Gold (XAU/USD) edges higher to trade in the $2,630s on Tuesday after commentary from Federal Reserve (Fed) speakers led to an uptick in the probabilities of the Fed cutting interest rates at its December policy meeting. Lower interest rates are positive for Gold because they reduce the opportunity cost of holding the non-interest paying asset. 

Elevated geopolitical risks could also be underpinning Gold amid continued conflict in the Middle East intensified now by the outbreak of civil war in Syria, the Russia-Ukraine conflict, and political risk in France. During times of crisis, investors turn to Gold for safety.

Gold edges higher on Christmas-Fed-cut hopes 

Gold is drifting higher on Tuesday after comments from several Fed members appeared to lean in favor of the central bank cutting US interest rates at their December meeting.  

Fed Governor Christopher Waller said on Monday that he was leaning “toward supporting a cut in December.” 

His colleague, New York Fed President John Williams, though more cautious, said that further cuts to interest rates were needed as risks to inflation and employment were more balanced. Still, he added: “one could argue a case for skipping a rate cut in December, (I) will be watching data closely to decide.” 

Yet he went on to say, “policy is restrictive enough that a December cut still allows ample scope to slow (the) pace of cuts later if needed.” 

Atlanta Fed President Raphael Bostic, meanwhile, said on Monday that he was “keeping his options open” regarding a cut in December. However, he too appeared to lean in favor of such a move, adding that since the risks to the labor market and inflation were “roughly in balance, we likewise should begin shifting monetary policy toward a stance that neither stimulates nor restrains economic activity.” 

Their comments, as well as better-than-expected US Purchasing Manager Index (PMI) data for November, increased market bets the Fed will cut interest rates by 25 basis points. On Tuesday, the CME FedWatch tool calculates the probability of such a scenario at 72.5% (from the mid 60s previously). 

Technical Analysis: XAU/USD possibly about to unfold c-leg of three-wave pattern

Gold keeps crawling along a major trendline as it continues its overall range-bound development. 

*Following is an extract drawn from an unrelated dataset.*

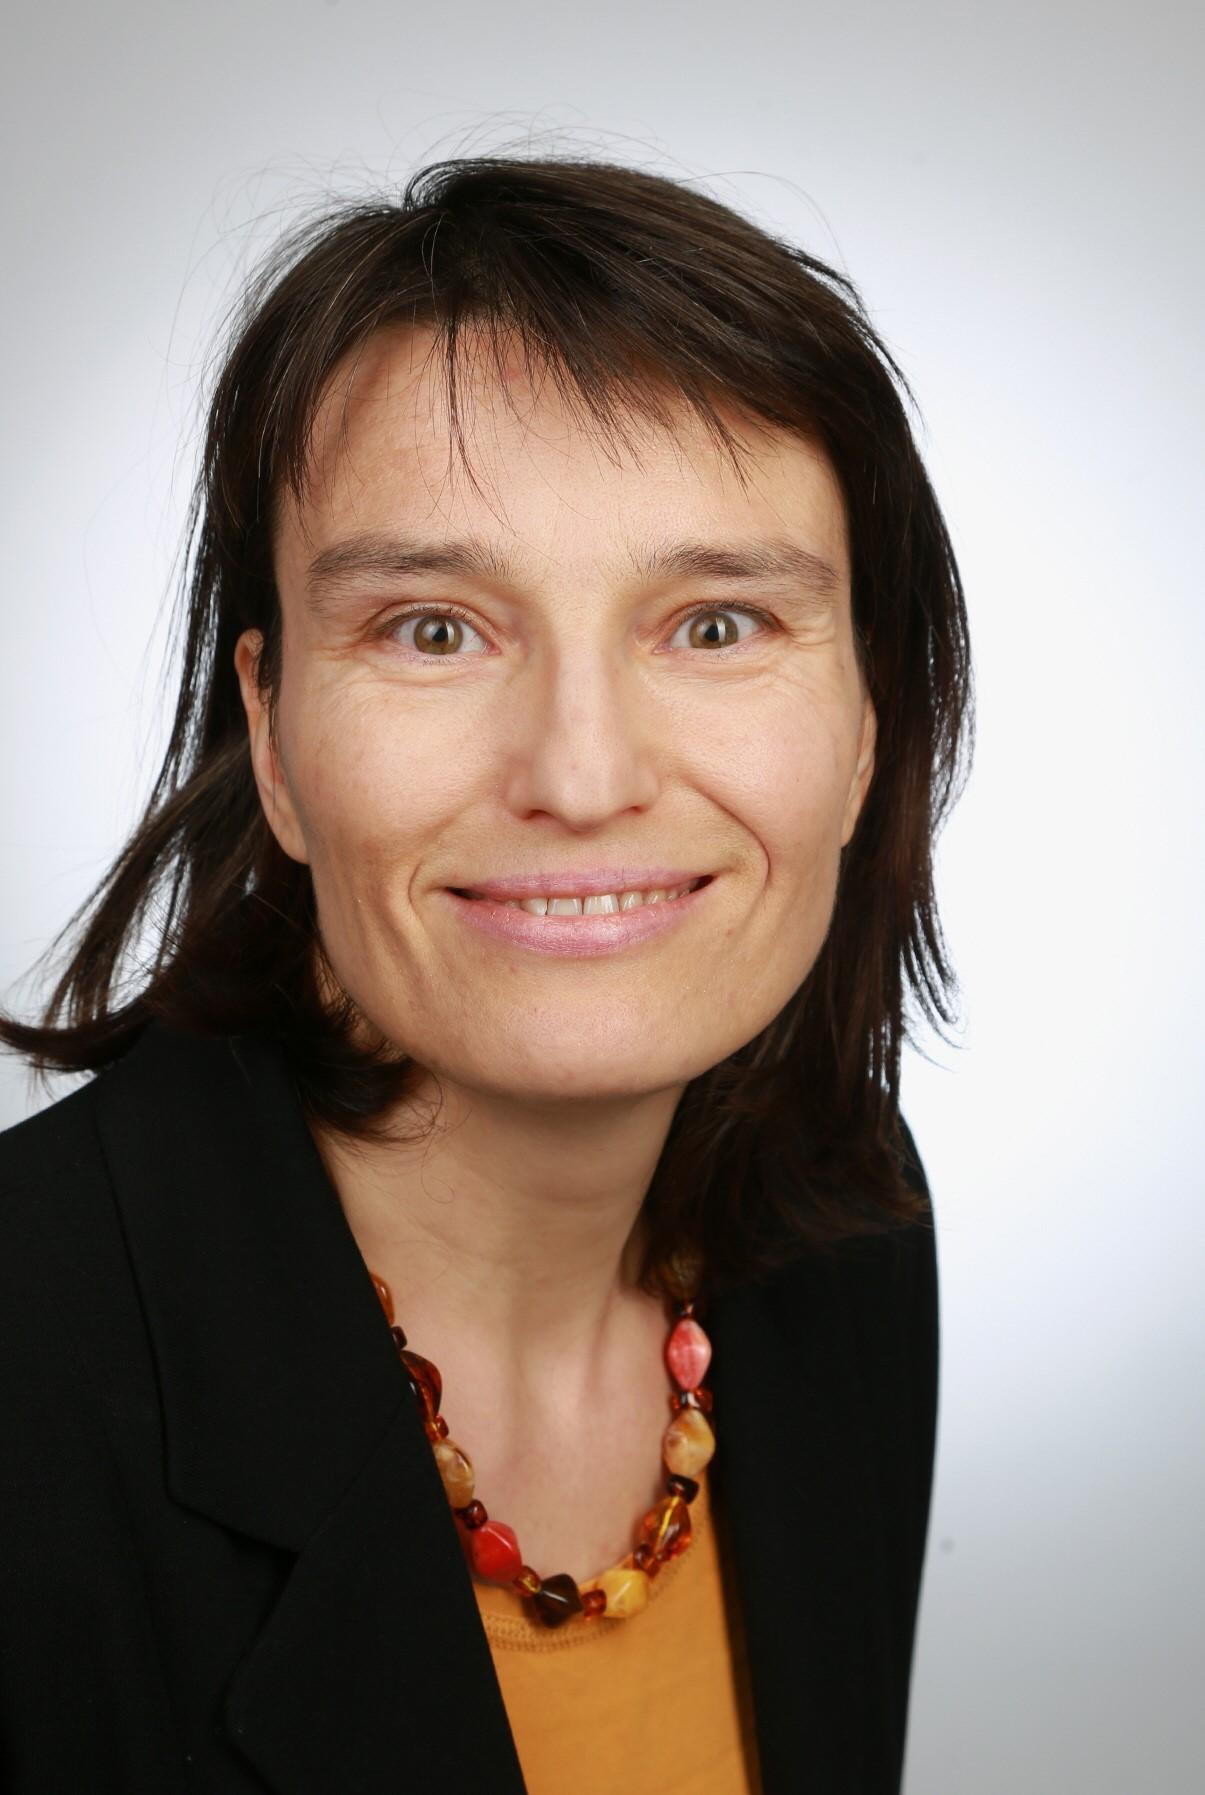 Karin Luebsen

Within that sideways market, Gold looks like it might be forming a three-wave Measured Move pattern. If so, then there is a possibility the next leg will be down, in a wave c (dashed line on chart below), which is of similar length to wave a. 

XAU/USD 4-hour Chart

A break below $2,605 (November 26 low) would confirm a follow-through lower towards the target for the end of wave c at around $2,550. 

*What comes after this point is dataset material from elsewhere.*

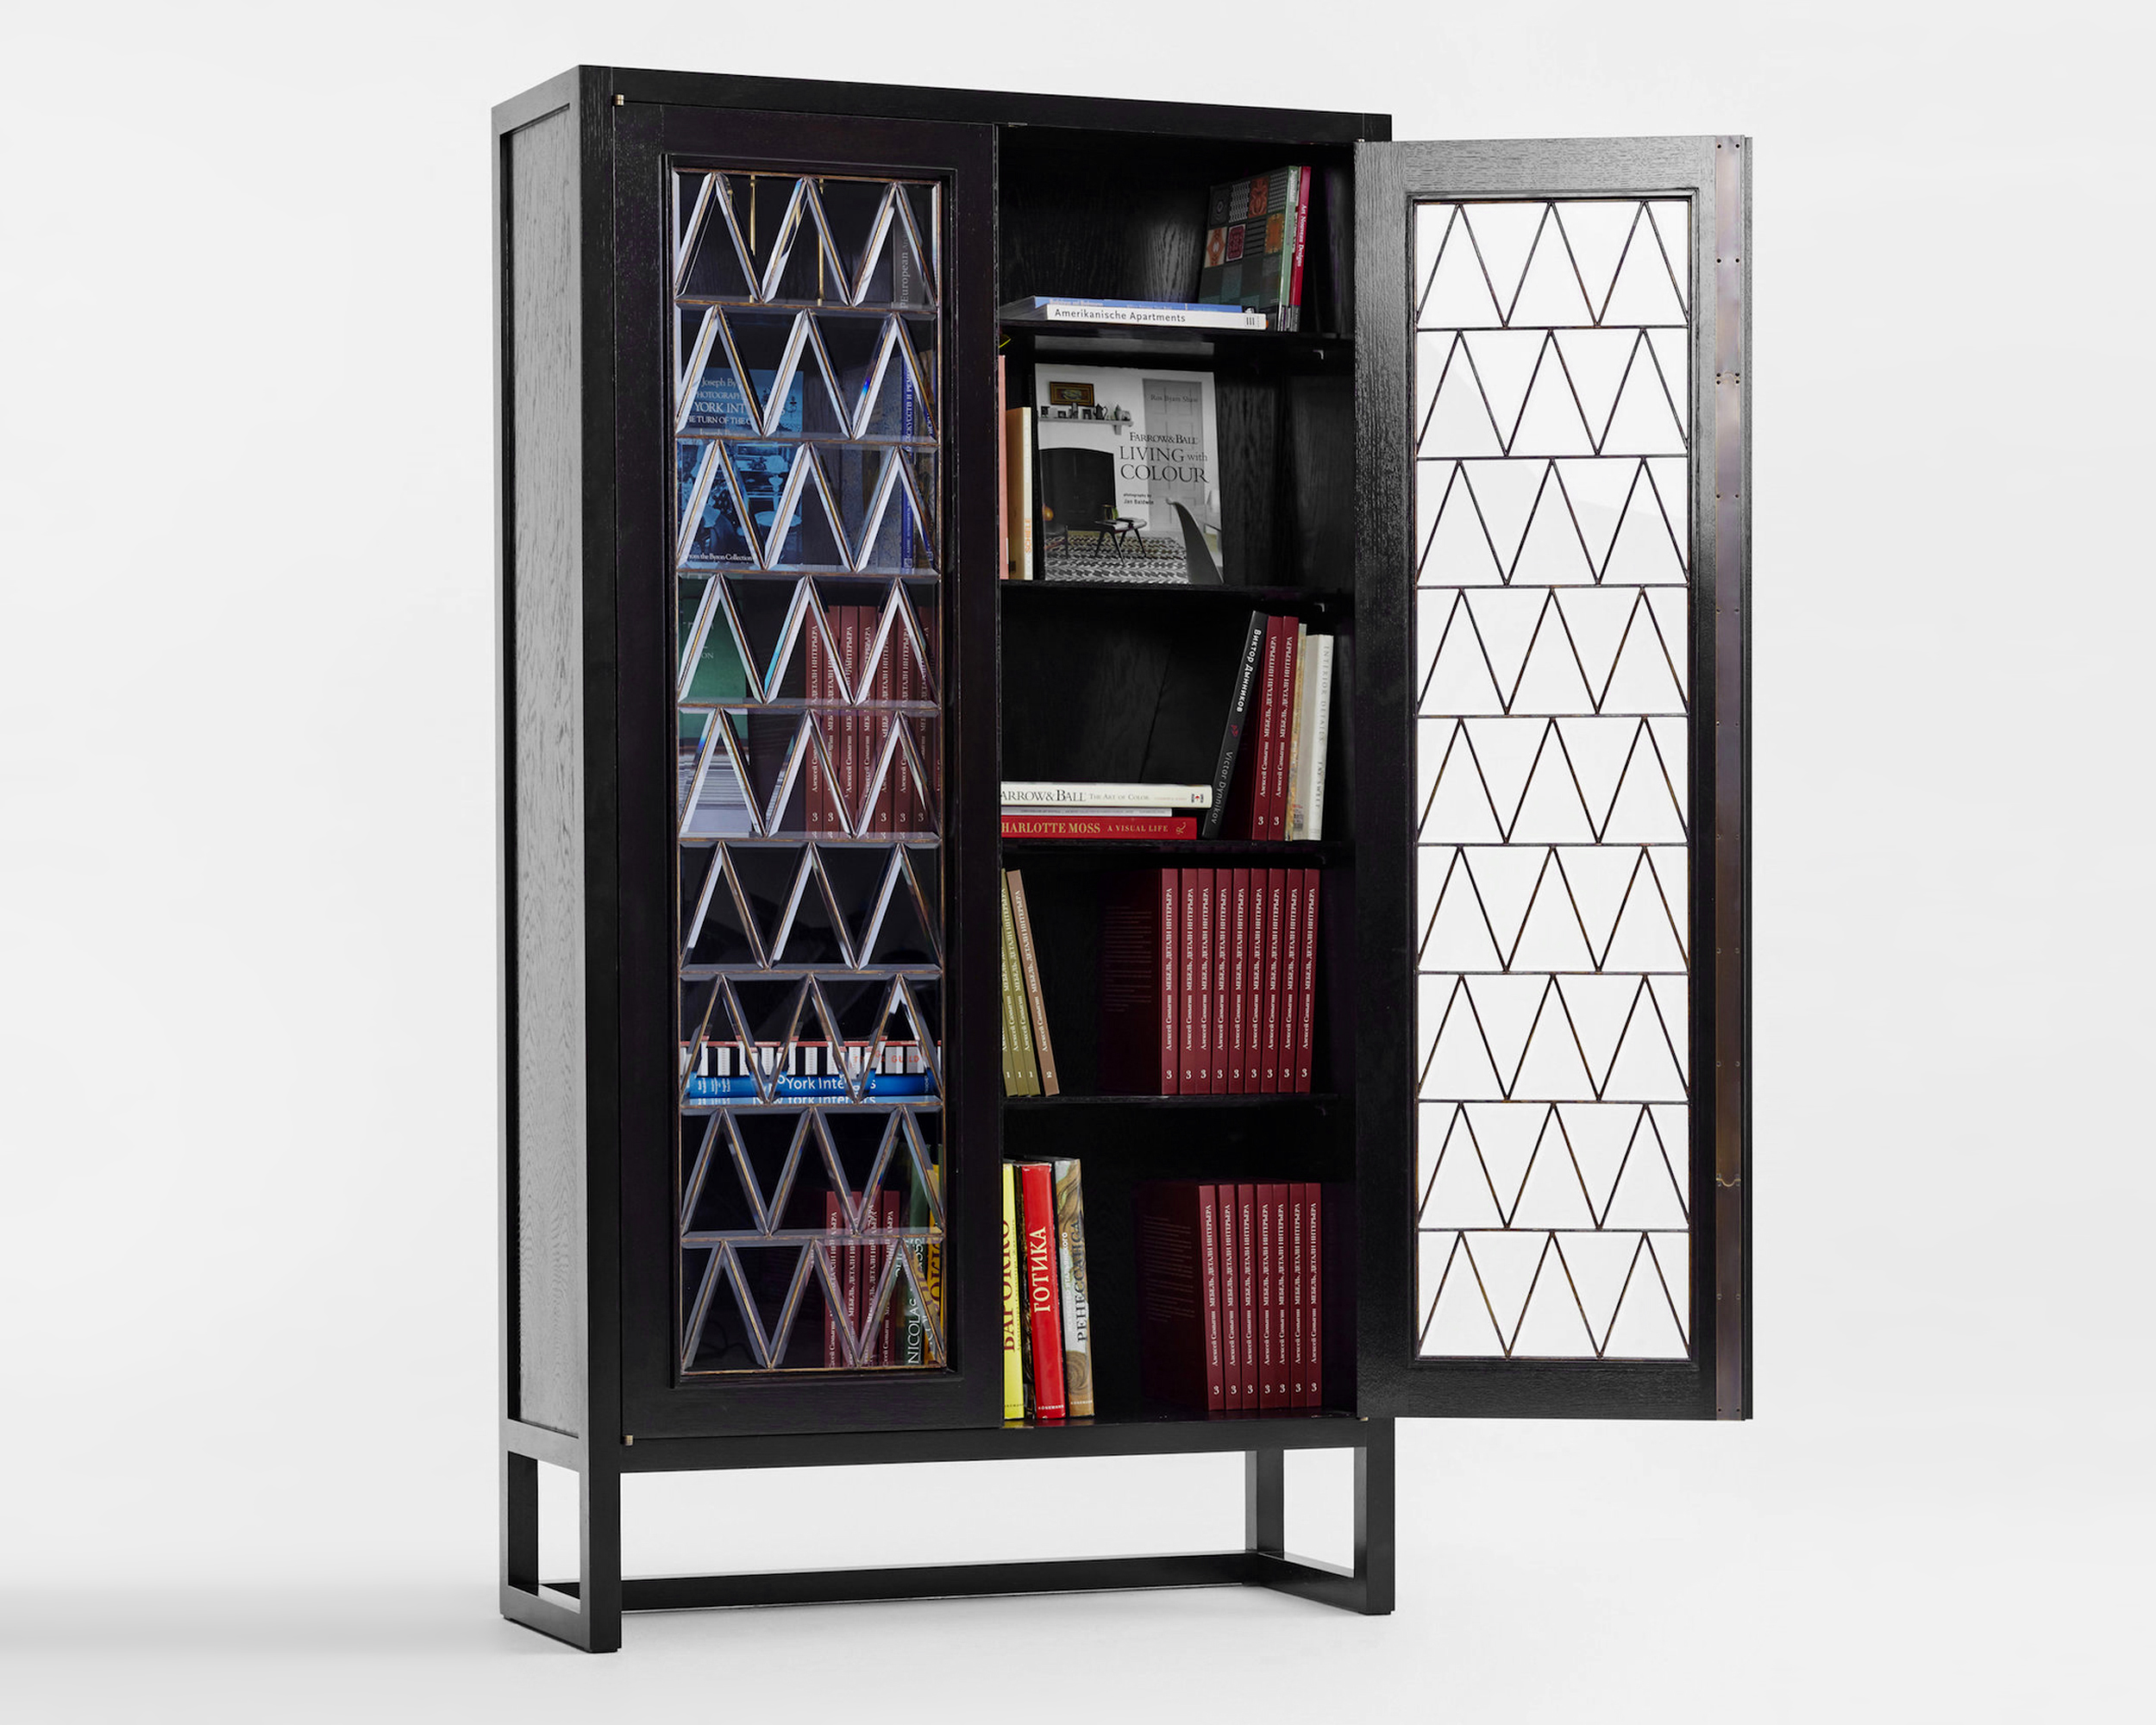 TriangleBookcase-DmitrySamygin-SavannahBay-Galler-1

The (blue) Moving Average Convergence Divergence (MACD) has recently crossed below its red signal line, providing a sell signal. The MACD is also in negative territory, a bearish sign. Furthermore, its general shape could indicate further downside on the cards, supporting the bearish near-term outlook.

Fed FAQs

Monetary policy in the US is shaped by the Federal Reserve (Fed). The Fed has two mandates: to achieve price stability and foster full employment. Its primary tool to achieve these goals is by adjusting interest rates. When prices are rising too quickly and inflation is above the Fed’s 2% target, it raises interest rates, increasing borrowing costs throughout the economy. This results in a stronger US Dollar (USD) as it makes the US a more attractive place for international investors to park their money. When inflation falls below 2% or the Unemployment Rate is too high, the Fed may lower interest rates to encourage borrowing, which weighs on the Greenback.

The Federal Reserve (Fed) holds eight policy meetings a year, where the Federal Open Market Committee (FOMC) assesses economic conditions and makes monetary policy decisions. The FOMC is attended by twelve Fed officials – the seven members of the Board of Governors, the president of the Federal Reserve Bank of New York, and four of the remaining eleven regional Reserve Bank presidents, who serve one-year terms on a rotating basis.

In extreme situations, the Federal Reserve may resort to a policy named Quantitative Easing (QE). QE is the process by which the Fed substantially increases the flow of credit in a stuck financial system. It is a non-standard policy measure used during crises or when inflation is extremely low. It was the Fed’s weapon of choice during the Great Financial Crisis in 2008. It involves the Fed printing more Dollars and using them to buy high grade bonds from financial institutions. QE usually weakens the US Dollar.

Quantitative tightening (QT) is the reverse process of QE, whereby the Federal Reserve stops buying bonds from financial institutions and does not reinvest the principal from the bonds it holds maturing, to purchase new bonds. It is usually positive for the value of the US Dollar.